By Kate Gibson, MarketWatch

NEW YORK (MarketWatch) -- U.S. stocks jumped on Monday, lifting the S&P 500 to within reach of its record, as Wall Street celebrated Larry Summers taking his name out of the running to head the Federal Reserve.

"Summers had been a critic of quantitative easing, and global markets are thrilled he will not be in charge of taking away their 'fix' too quickly," wrote Nick Raich, chief executive officer at the Earnings Scout, in emailed commentary.

Equities were also bolstered by a weekend agreement between the U.S. and Russia on a plan to get rid of Syria's chemical weapons.

"After the initial shock of the Summers announcement begins to wear off, we expect the stock market to consolidate recent gains, as it digests Fed news and waits to see how developments in Syria progress," noted Fred Dickson, chief investment strategist at Davidson Companies.

The S&P 500 index (SPX) was 6.23 points from its record of 1,709.67 hit on Aug. 2, as it traded up 15.45 points, or 0.9%, at 1,703.44. Industrials paced sector gains.

Packaging Corp. of America (PKG) leapt 6.9% after the maker of corrugated shipping boxes said it would acquire Boise Inc. (BZ) for about $1.27 billion. Boise rallied 26%.

The Dow Jones Industrial Average (DJI) rose 163.76 points, or 1.1%, to 15,539.82.

The Nasdaq Composite (RIXF) climbed 11.43 points, or 0.3%, to 3,733.62.

For every stock falling, more than four rose on the New York Stock Exchange, where 268 million shares traded by 12.40 a.m. Eastern. Composite volume approached 1.5 billion.

The dollar (DXY) declined against the currencies of major U.S. trading partners and the yield on the 10-year Treasury note (10_YEAR) dropped 5 basis points to 2.838%.

On the New York Mercantile Exchange, oil fell, with futures (CLV3) off $1.10, or 1%, to $107.10 a barrel.

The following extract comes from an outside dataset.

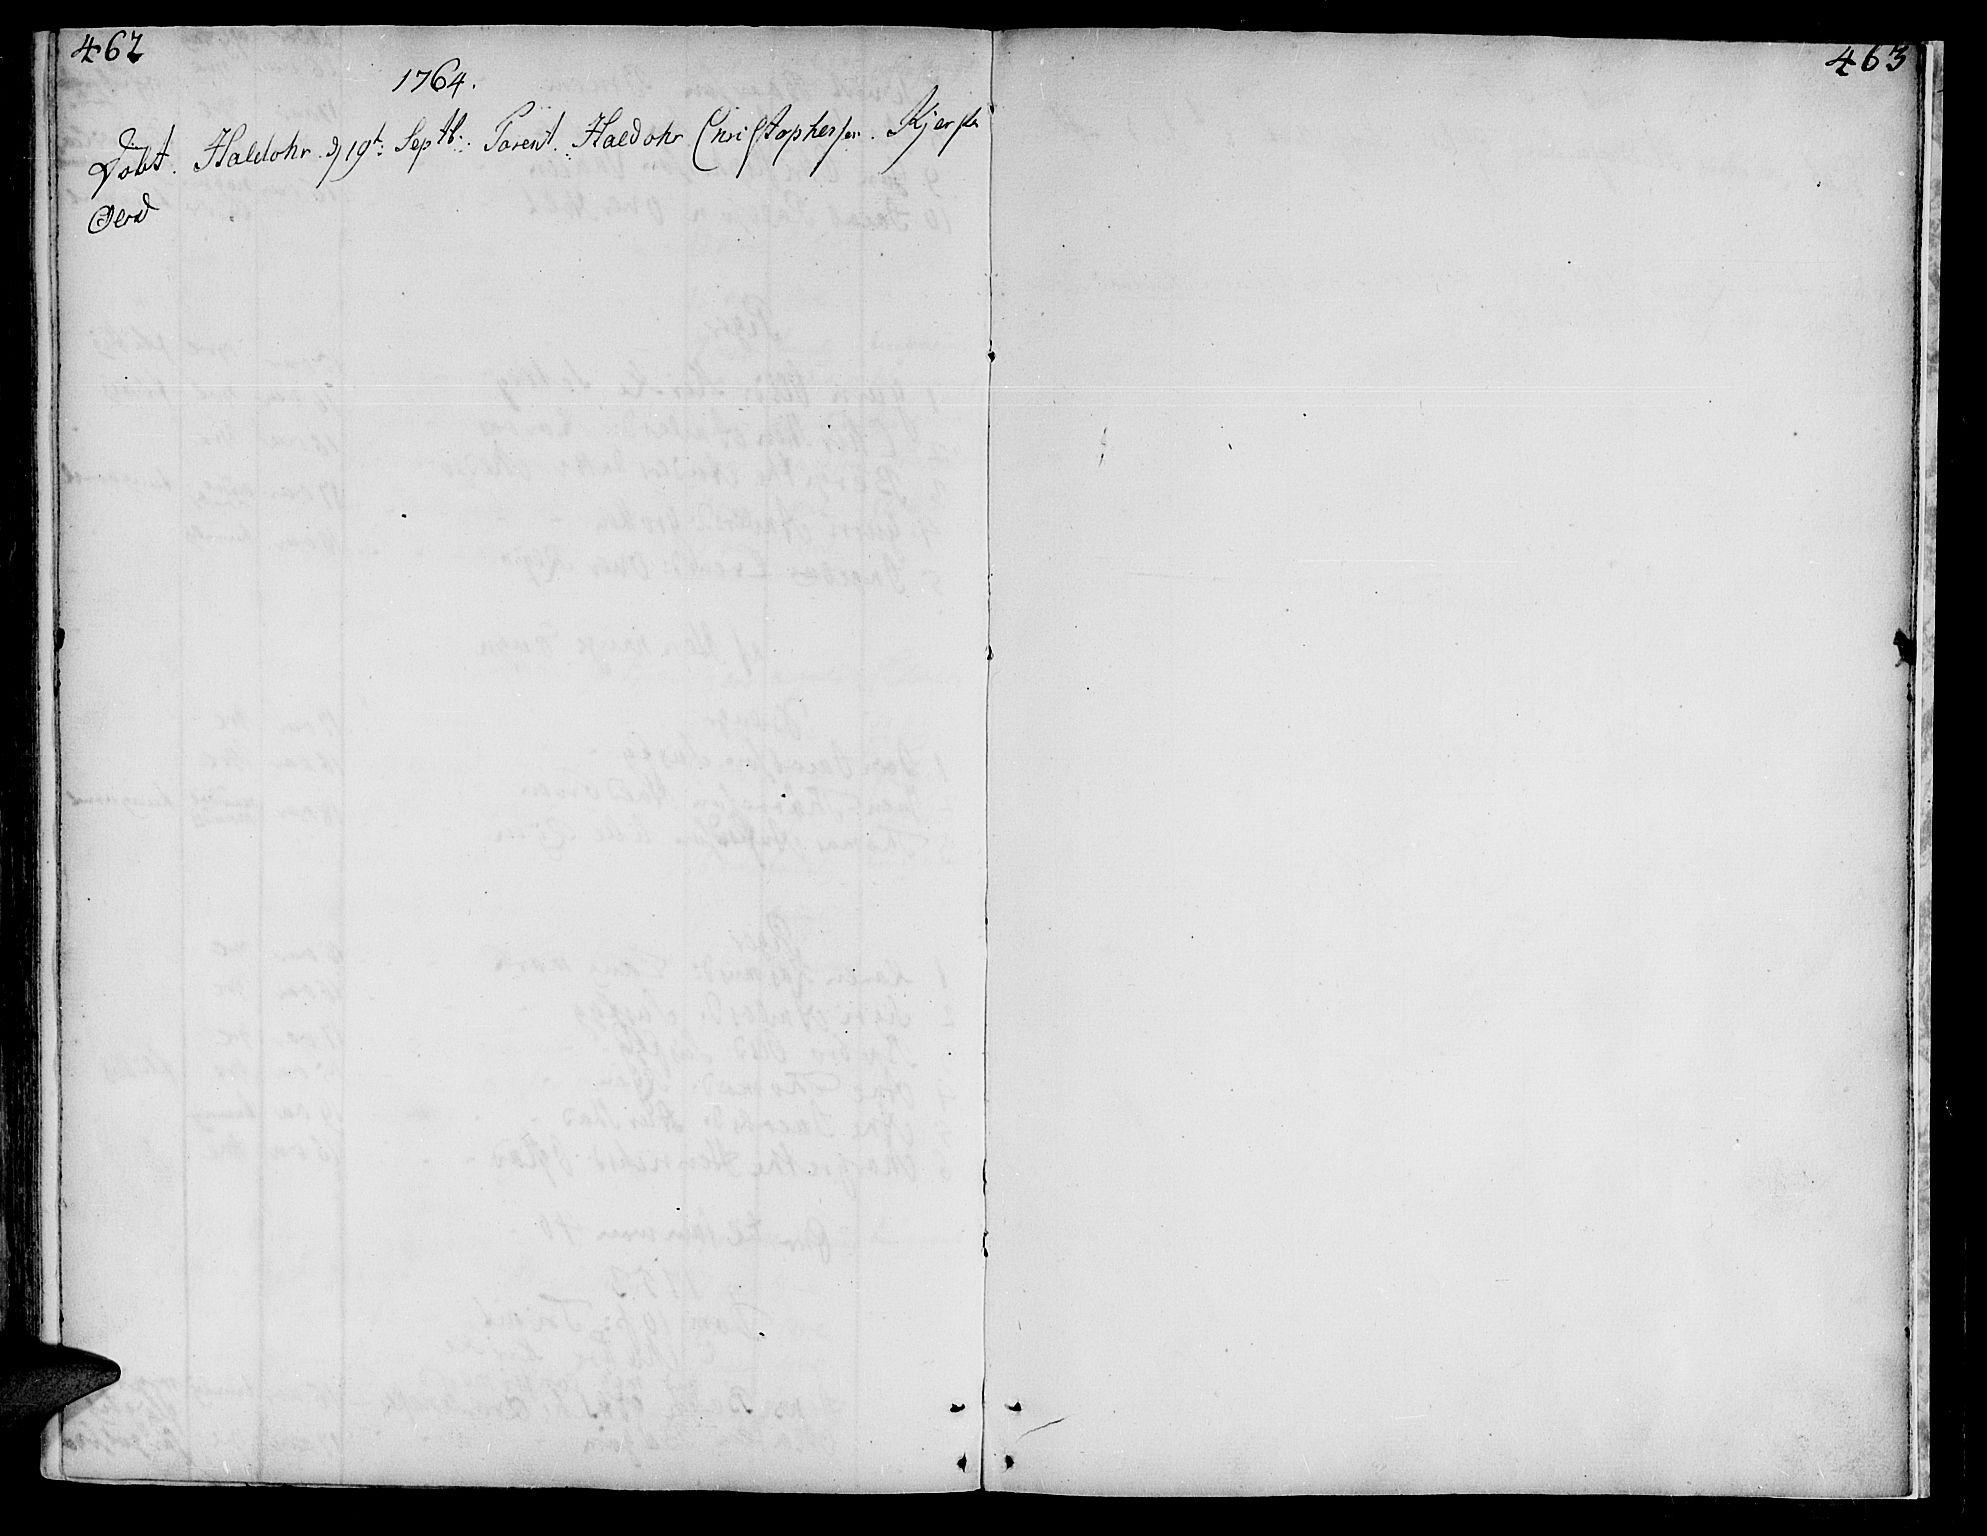 SAT, Ministerialprotokoller, klokkerbøker og fødselsregistre - Nord-Trøndelag, 735/L0330: Ministerialbok nr. 735A01, 1740-1766, s. 462-463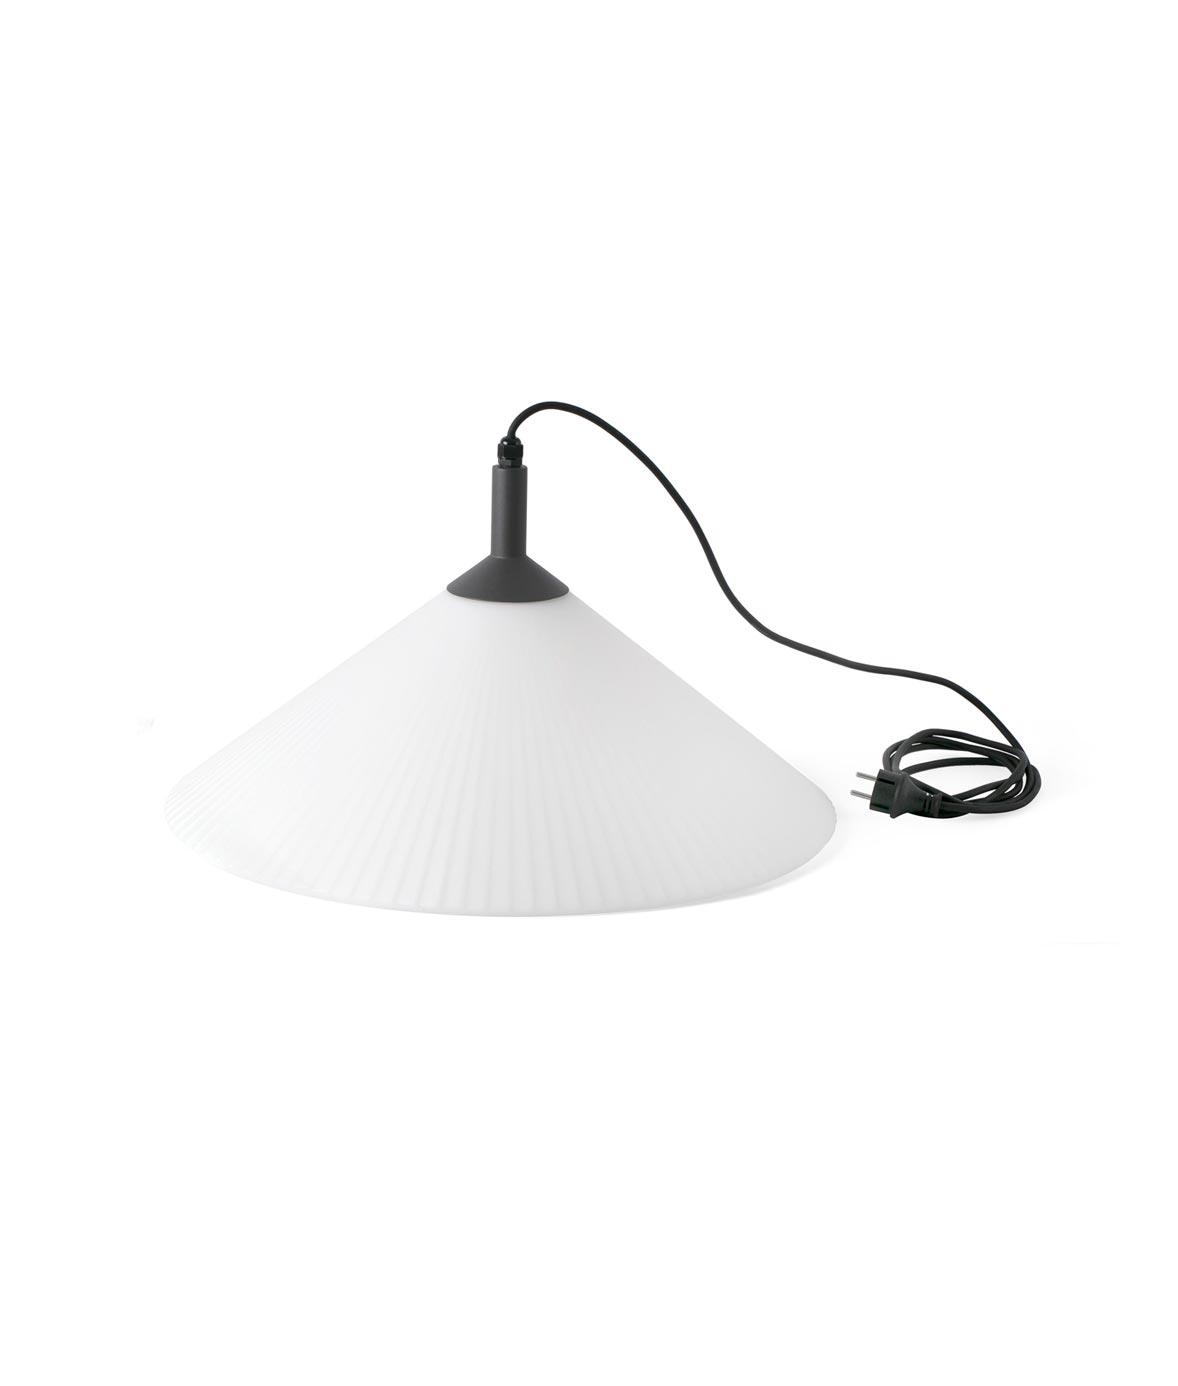 Lámpara portátil de exterior HUE

The price of gold (GCZ3) rose $9.60, or 0.8%, to $1,318.20 an ounce.

The exit by Summers, a former Treasury secretary and economic adviser to President Barack Obama, came as Democrats on the Senate Banking Committee voiced opposition to his nomination, which had not been announced.

His exit comes just ahead of a two-day Fed meeting that begins Tuesday, with the central bank expected to start cutting its $85 billion in monthly bond purchases otherwise known as quantitative easing.

A critic of quantitative easing, Summers was viewed as more likely to tighten monetary policy than Janet Yellen, the current Fed vice chairman now considered the most likely person to replace Ben Bernanke as chairman of the Fed.

Monday's economic reports had manufacturing in the New York region expanding less than expected this month, despite a pickup in orders and shipments.

Another report had industrial production climbing in August.

On Friday, Wall Street knocked out a second week of gains as worries about Syria ebbed and as investors looked to this week's monetary-policy decision by the Fed.